Please produce a character-exact copy of the listing that follows, omitting all images.

== DATA BELOW ==
• • • • • • •
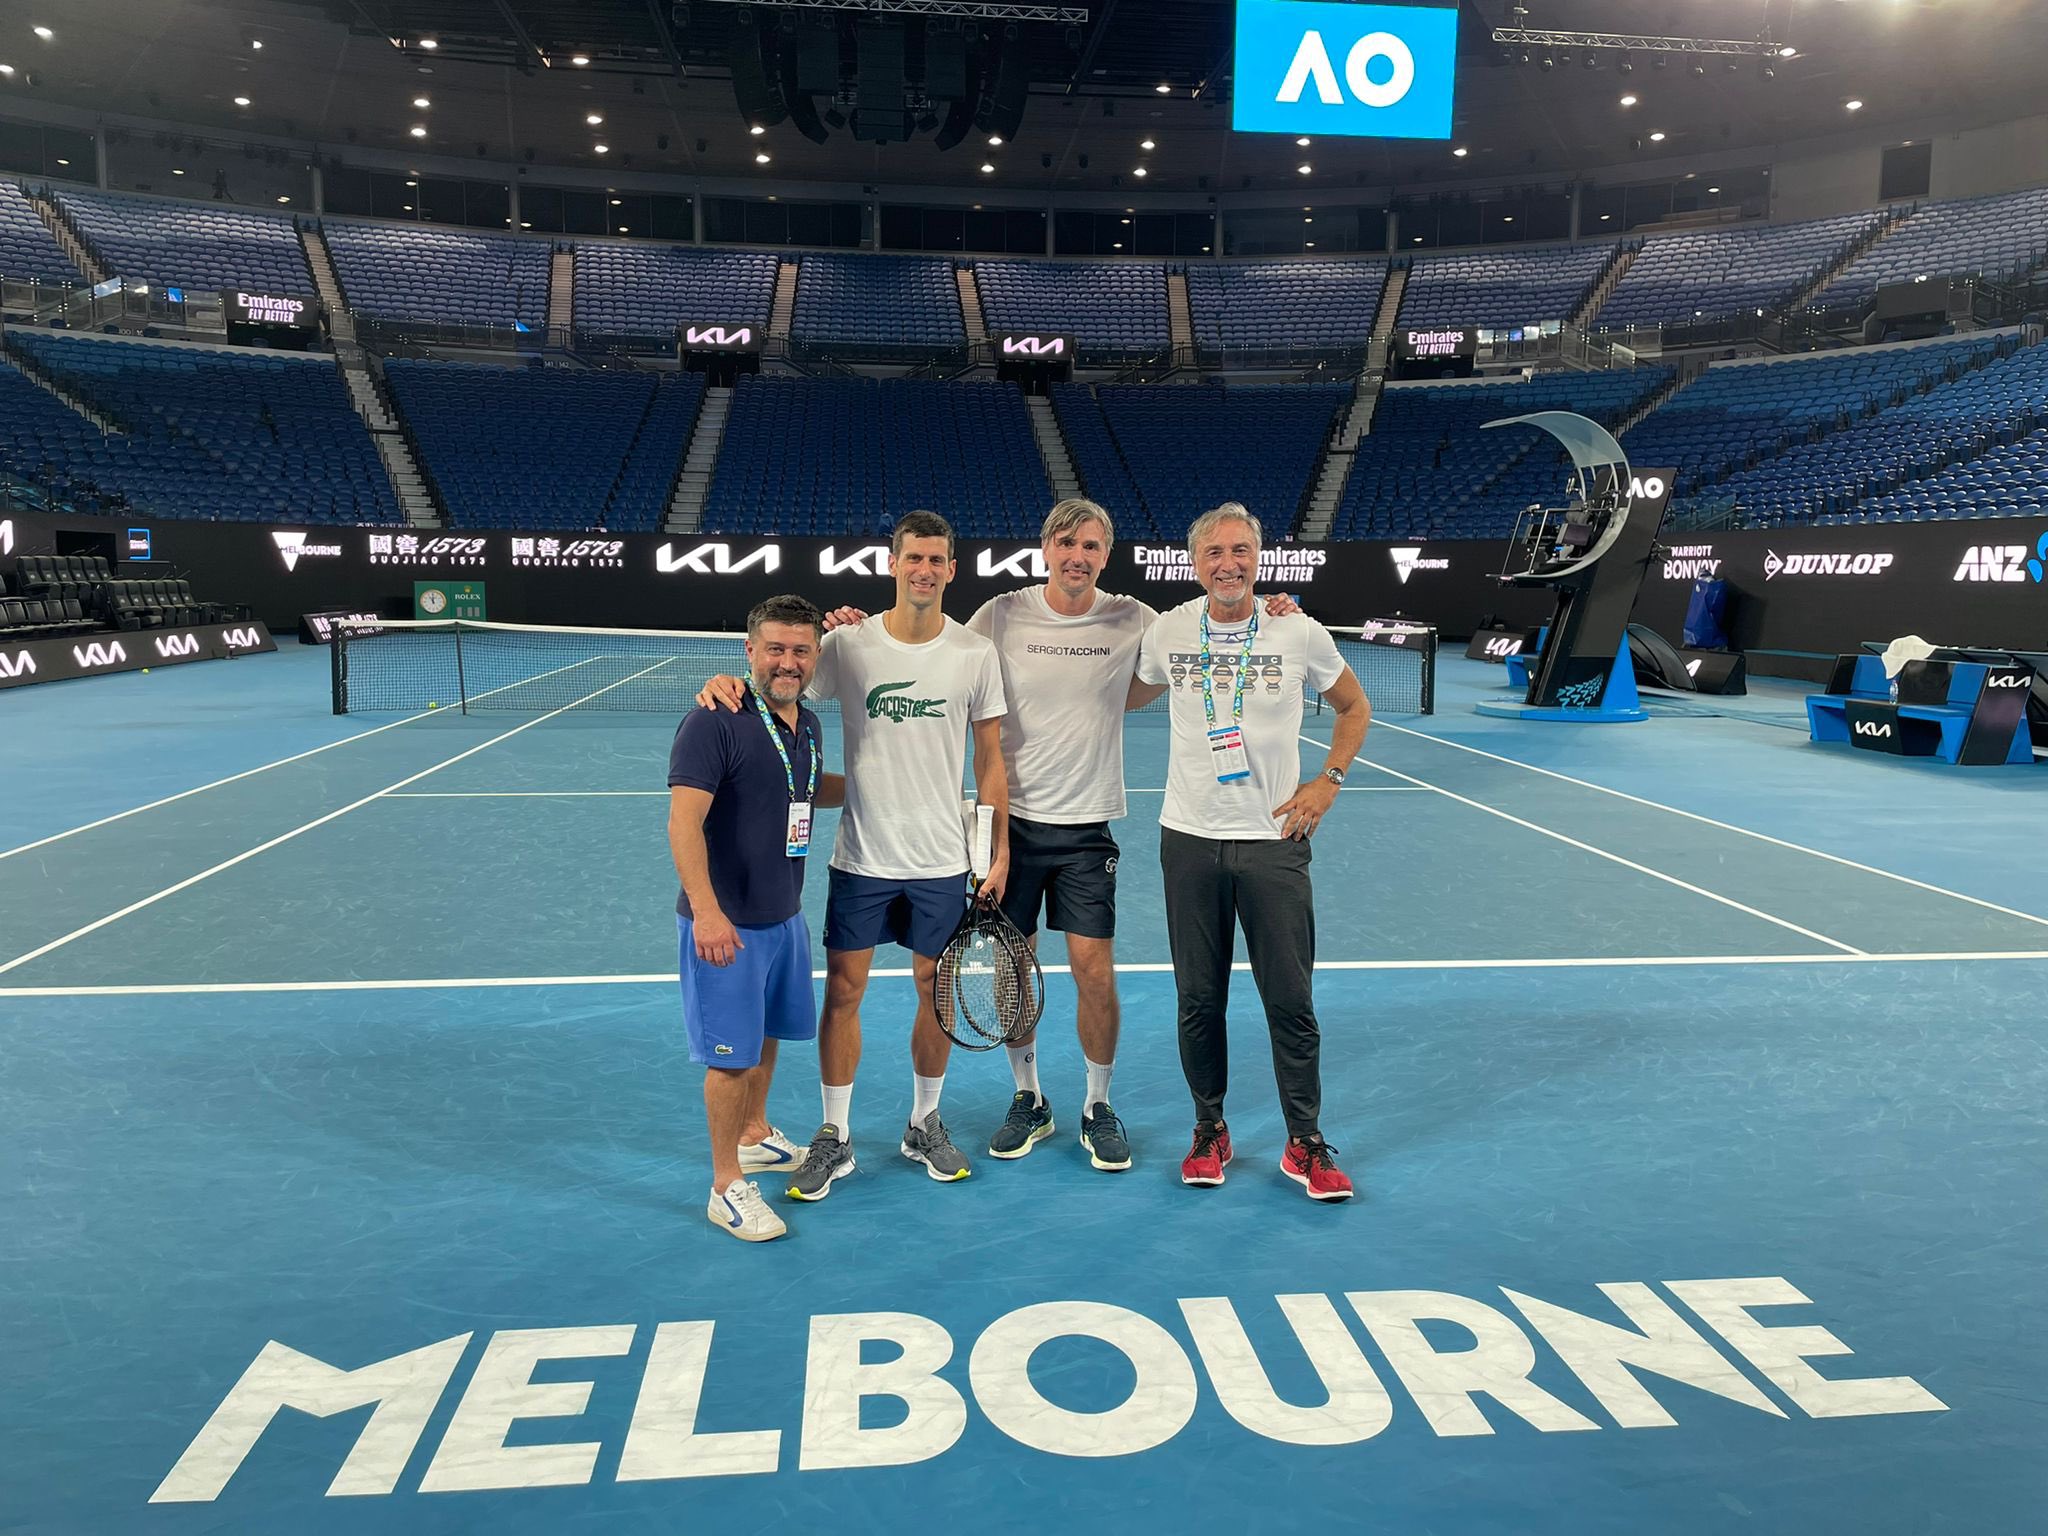 Quiero quedarme e intentar participar en el Open de Australia, declaró Djokovic en Twitter
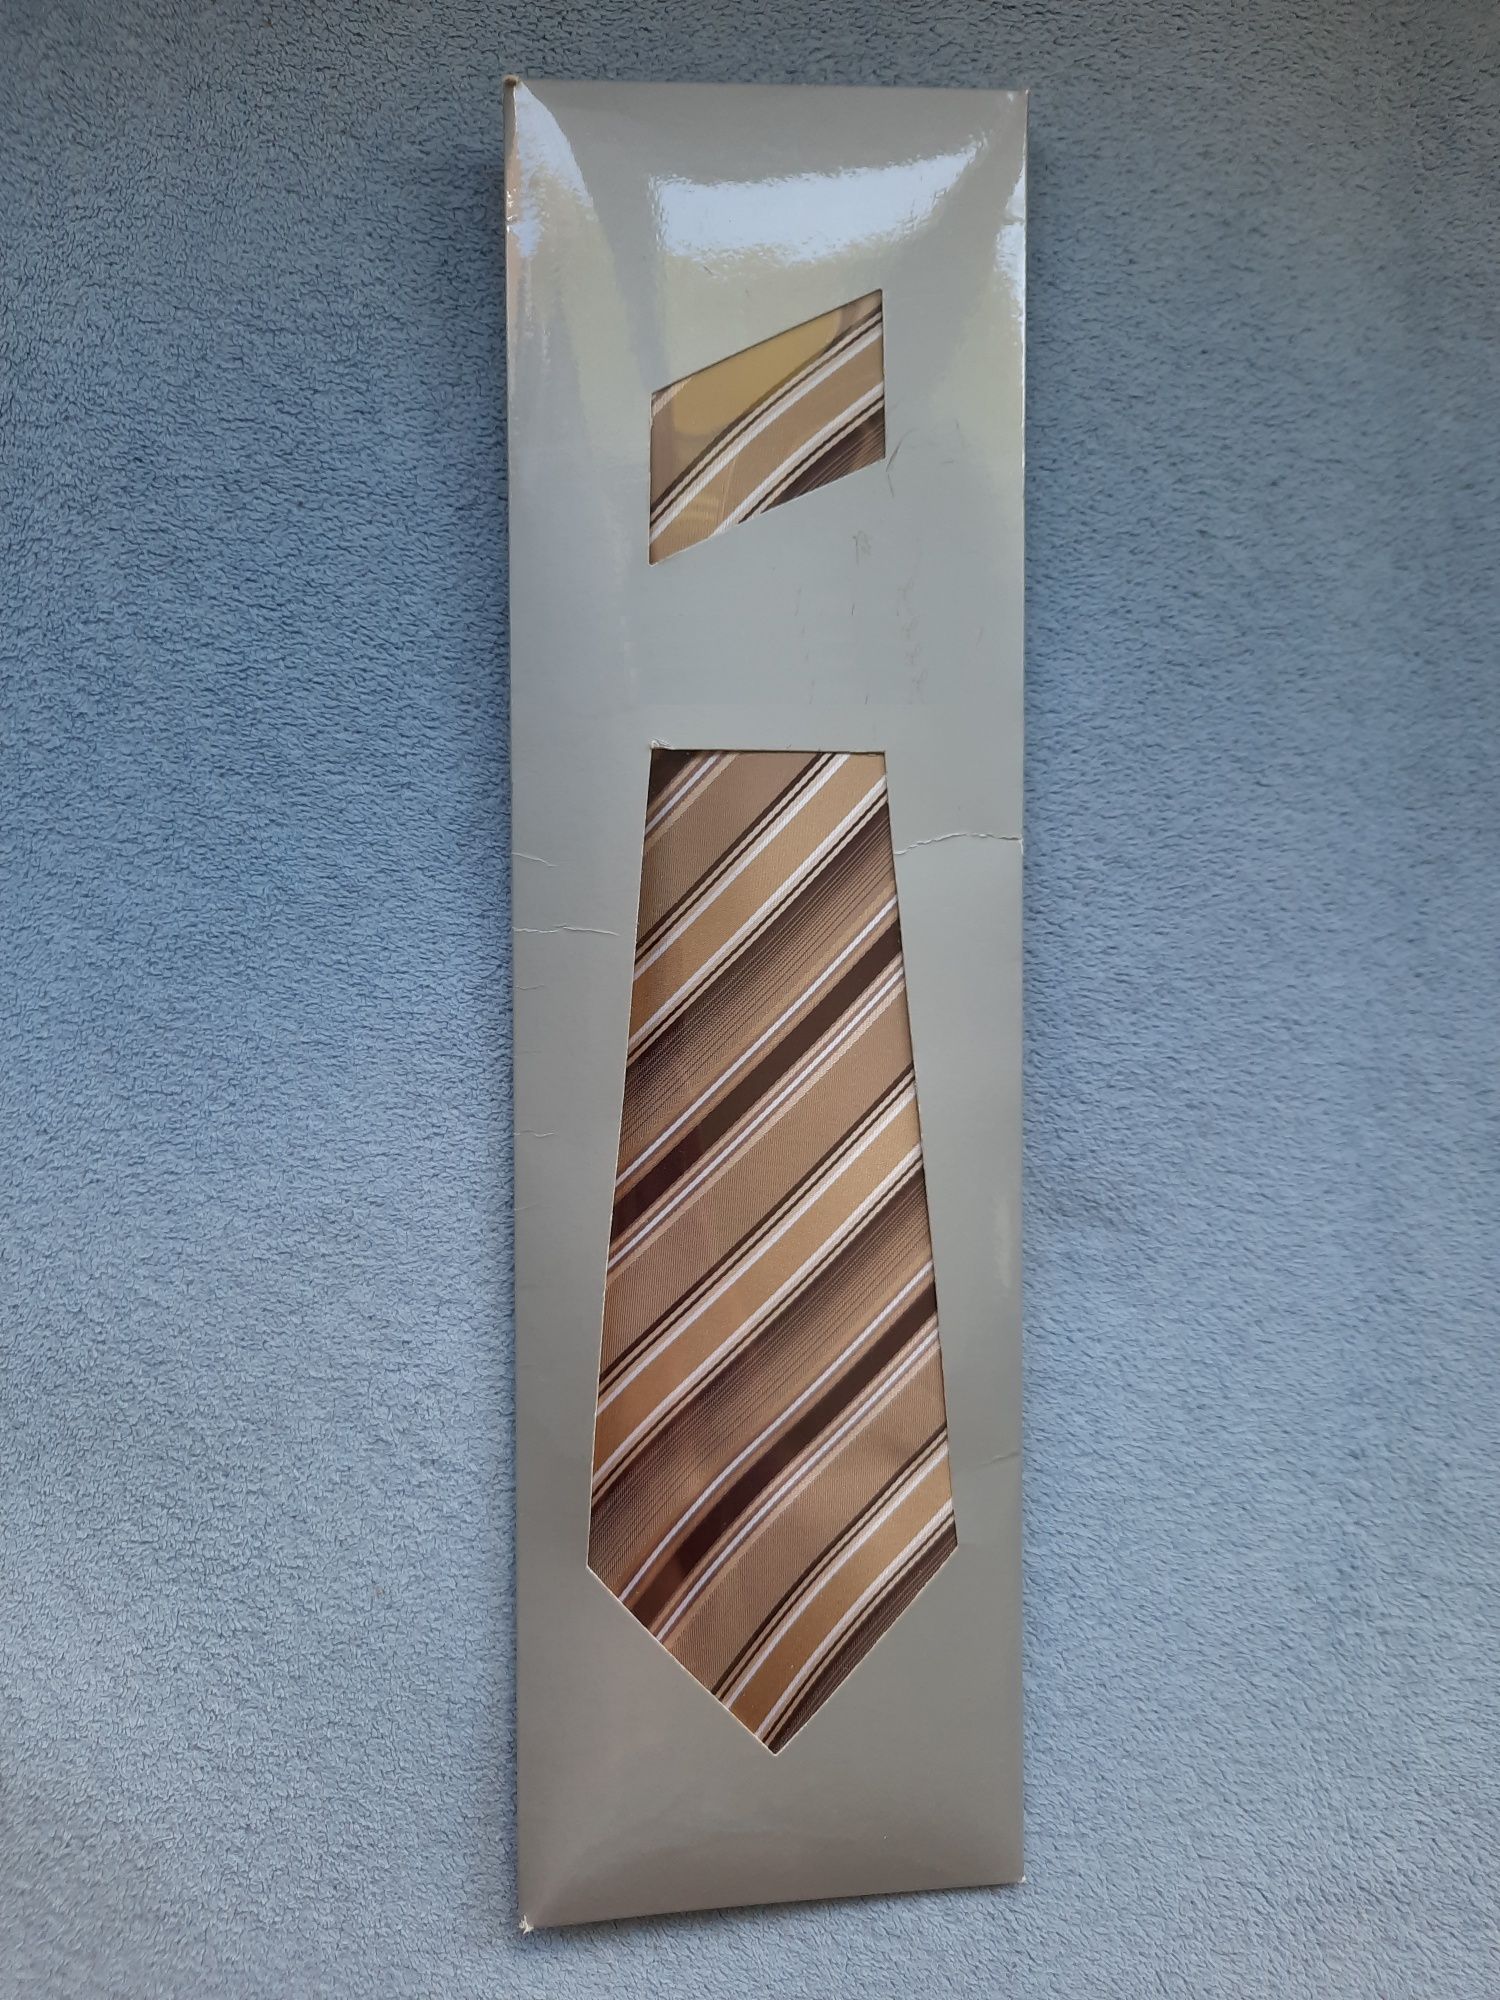 Krawat męski NEK szerokość 95mm długość 145mm wykonany ze specjalnie w
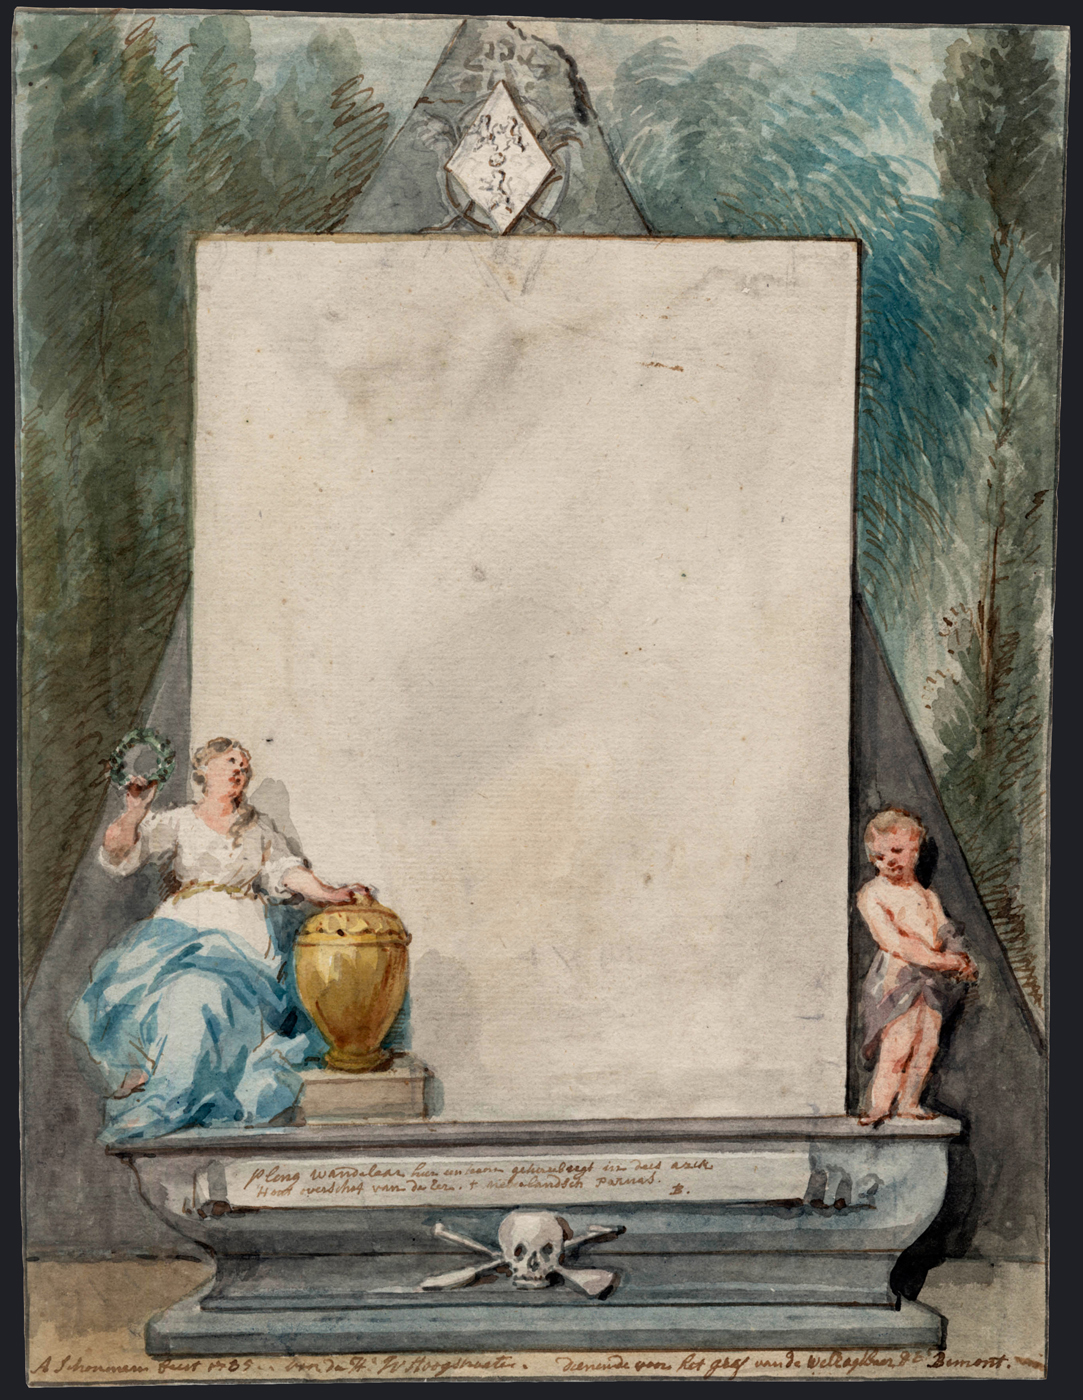 Aert Schouman: Návrh náhrobku / křída, pero, hnědý inkoust a akvarel na papíře / č. kat. 20 / Christie's Amsterdam 13. 5. 2015 / odhad 1200 – 1800 EUR / cena 750 EUR
• • • • • • •
== SOLUTION ==
 Quiero quedarme e intentar participar en el Open de Australia, declaró Djokovic en Twitter
 Krawat męski NEK szerokość 95mm długość 145mm wykonany ze specjalnie w
 Aert Schouman: Návrh náhrobku / křída, pero, hnědý inkoust a akvarel na papíře / č. kat. 20 / Christie's Amsterdam 13. 5. 2015 / odhad 1200 – 1800 EUR / cena 750 EUR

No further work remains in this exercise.